Theorem: Let $V$ be a finite-dimensional vector space over the field $F$ and let $T$ be a linear operator on $V$. Then $T$ is diagonalizable if and only if the minimal polynomial for $T$ has the form $p = (x - c_1) \dots (x - c_k)$ where $c_1, \dots , c_k$ are distinct elements of $F$. $$\color{blue}{\texttt{Example: Choose } V=\mathbb R^3, F=\mathbb R, T=\begin{bmatrix} 1 & 0 & 0\\ 0 & 2 & 1\\ 0 & 0 & 1 \end{bmatrix}, p=(x-1)(x-2), c_1=1, c_2=2 }$$
The proof is: (the (1)(2).. numbers are added by me) Proof
(1) We have noted earlier that, if $T$ is diagonalizable, its minimal polynomial is a product of distinct linear factors (see the discussion prior to Example 4).

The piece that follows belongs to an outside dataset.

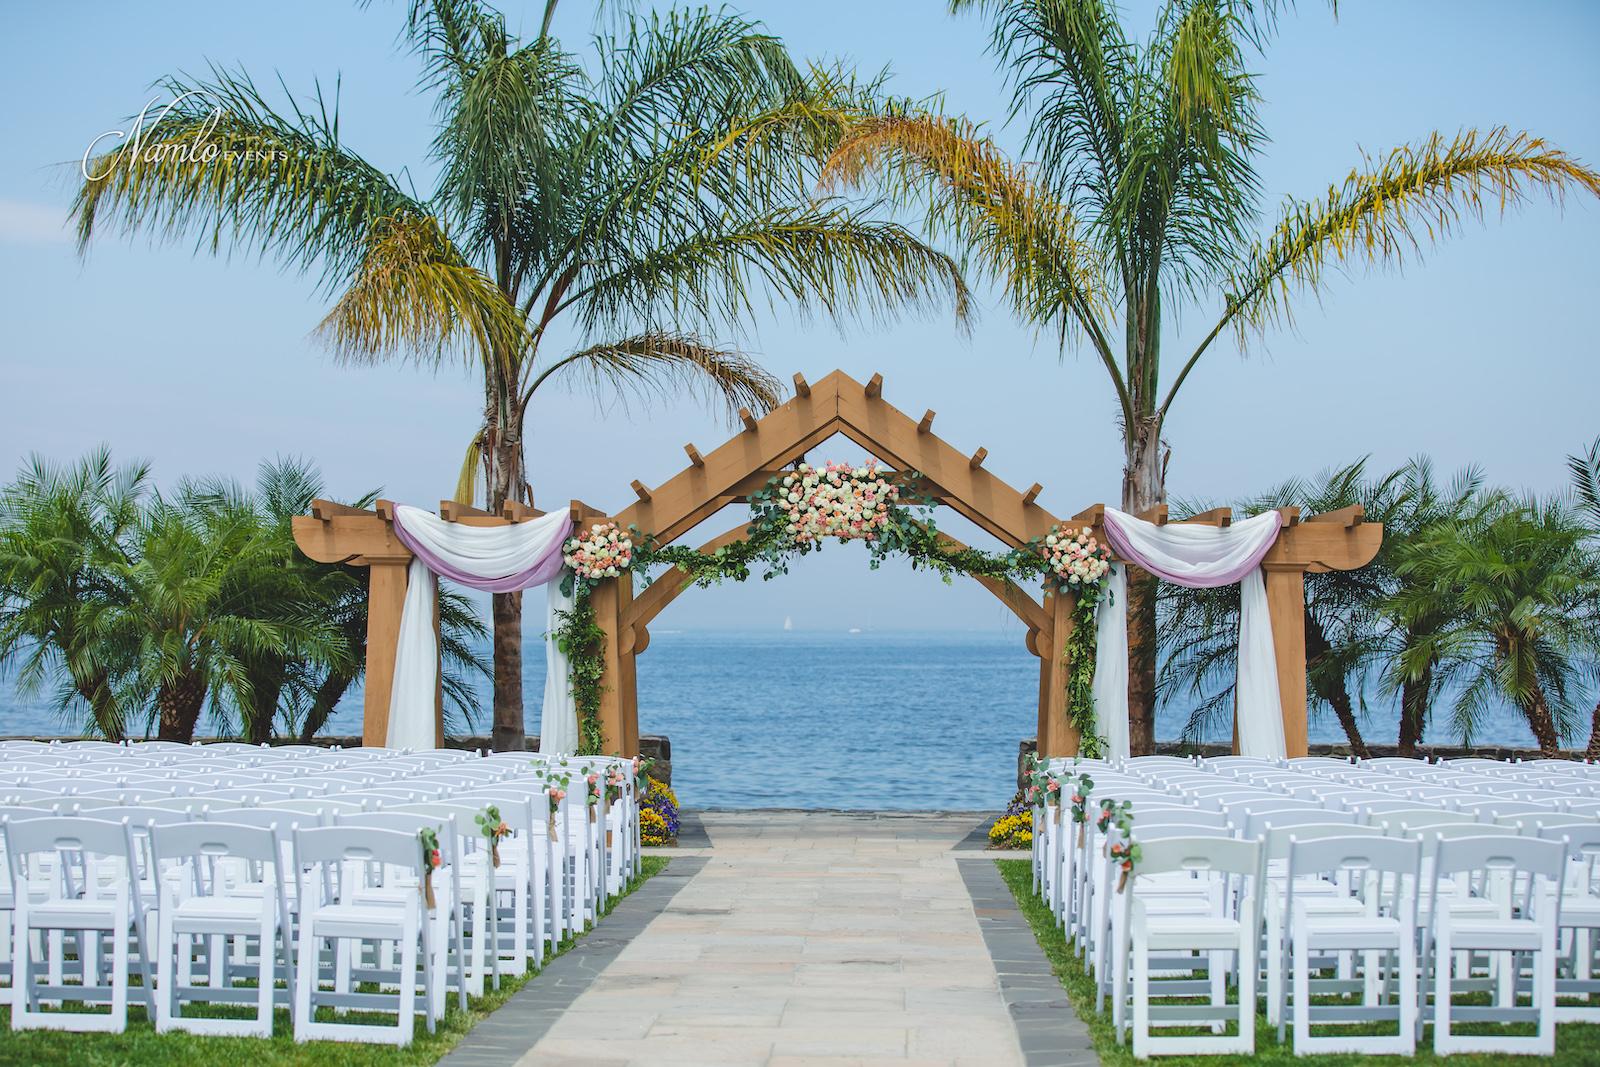 Bikrant Wedding

(2)To prove the converse, let $W$ be the subspace spanned by all of the characteristic vectors of $T$, and suppose $W \ne V$. $$\color{blue}{\texttt{characteristic vectors:} v_1=\begin{bmatrix} 1 \\ 0 \\ 0 \end{bmatrix} \texttt{for } c_1=1, v_2=\begin{bmatrix} 0 \\ 1 \\ 0 \end{bmatrix} \texttt{for } c_2=2.\\ W=\langle v1, v2 \rangle, W\ne V=\mathbb R^3. }$$ (3)By the lemma used in the proof of Theorem 5, there is a vector $\alpha$ not in $W$ and a characteristic value $c_j$ of $T$ such that the vector $\beta= (T - c_jI)\alpha$ lies in W. $$\color{blue}{\texttt{Choose: } \alpha=\begin{bmatrix} 0 \\ 0.5 \\ 0.5 \end{bmatrix}, c_j=c_1=1, \\ \beta=\begin{bmatrix} 0&0&0 \\ 0&1&1 \\ 0&0&0 \end{bmatrix} \begin{bmatrix} 0 \\ 0.5 \\ 0.5 \end{bmatrix} =\begin{bmatrix} 0 \\ 1 \\ 0 \end{bmatrix}, \beta=v_2 \in \langle v_1, v_2 \rangle = W. }$$ (4)Since $\beta$ is in $W$, $\beta = \beta_1+\dots\beta_k$ where $T\beta_i = c_i\beta_i$, $1\le i\le k$, and therefore the vector $h(T)\beta = h(c_1)\beta_1+\dots+h(c_k)\beta_k$ is in $W$, for every polynomial $h$.
(5)Now $p = (x-c_j)q$, for some polynomial $q$. $$\color{blue}{ p=(x-1)(x-2)=(x-1)q \Rightarrow q=(x-2) }$$ (6)Also $q- q(c_j) = (x - c_j)h$. $$\color{blue}{ q-q(c_1)=q-q(1)=(x-2)-(1-2)=(x-1)=(x-1)h \Rightarrow h=1 }$$ (7)We have $q(T)\alpha - q(c_j)\alpha = h(T)(T - c_jI)\alpha = h(T)\beta$. $$\color{blue}{ q(T)=(T-2I)=\begin{bmatrix} -1&0&0 \\ 0&0&1 \\ 0&0&-1 \end{bmatrix}, \\ q(T)\alpha=\begin{bmatrix} -1&0&0 \\ 0&0&1 \\ 0&0&-1 \end{bmatrix} \begin{bmatrix} 0 \\ 0.5 \\ 0.5 \end{bmatrix} =\begin{bmatrix} 0 \\ 0.5 \\ -0.5 \end{bmatrix}\\ q(c_j)\alpha=q(c_1)\alpha=q(1)\alpha=(1-2)\alpha=-\alpha=\begin{bmatrix} 0 \\ - 0.5 \\ - 0.5 \end{bmatrix}, \\ q(T)\alpha-q(c_j)\alpha=\begin{bmatrix} 0 \\ 1 \\ 0 \end{bmatrix} = h(T)\beta = 1\beta\\ }$$ (8)But $h(T)\beta$ is in $W$ and, since $0 = p(T)\alpha = (T - c_jI)q(T)\alpha$, $$\color{blue}{ p(T)=0\\ q(T)\alpha = \begin{bmatrix} -1&0&0 \\ 0&0&1 \\ 0&0&-1 \end{bmatrix} \begin{bmatrix} 0 \\ 0.5 \\ 0.5 \end{bmatrix} = \begin{bmatrix} 0 \\ 0.5 \\ -0.5 \end{bmatrix} \\ 0=p(T)\alpha = (T - c_jI)q(T)\alpha = \begin{bmatrix} 0 & 0&0\\ 0& 1&1 \\ 0&0&0 \end{bmatrix} \begin{bmatrix} 0 \\ 0.5 \\ -0.5 \end{bmatrix} }$$ the vector $q(T)\alpha$ is in $W$. $$\color{red}{ q(T)\alpha = \begin{bmatrix} 0 \\ 0.5 \\ -0.5 \end{bmatrix} \notin W= \langle v_1, v_2 \rangle = \left \langle \begin{bmatrix} 1\\ 0 \\ 0 \end{bmatrix} , \begin{bmatrix} 0 \\ 1 \\ 0 \end{bmatrix} \right \rangle\\ \texttt{--What happen? why this step does not tally?} }$$ (9)Therefore, $q(c_j)\alpha$ is in $W$.
(10)Since $\alpha$ is not in $W$, we have $q(c_j) = 0$.
(11)That contradicts the fact that $p$ has distinct roots. QED.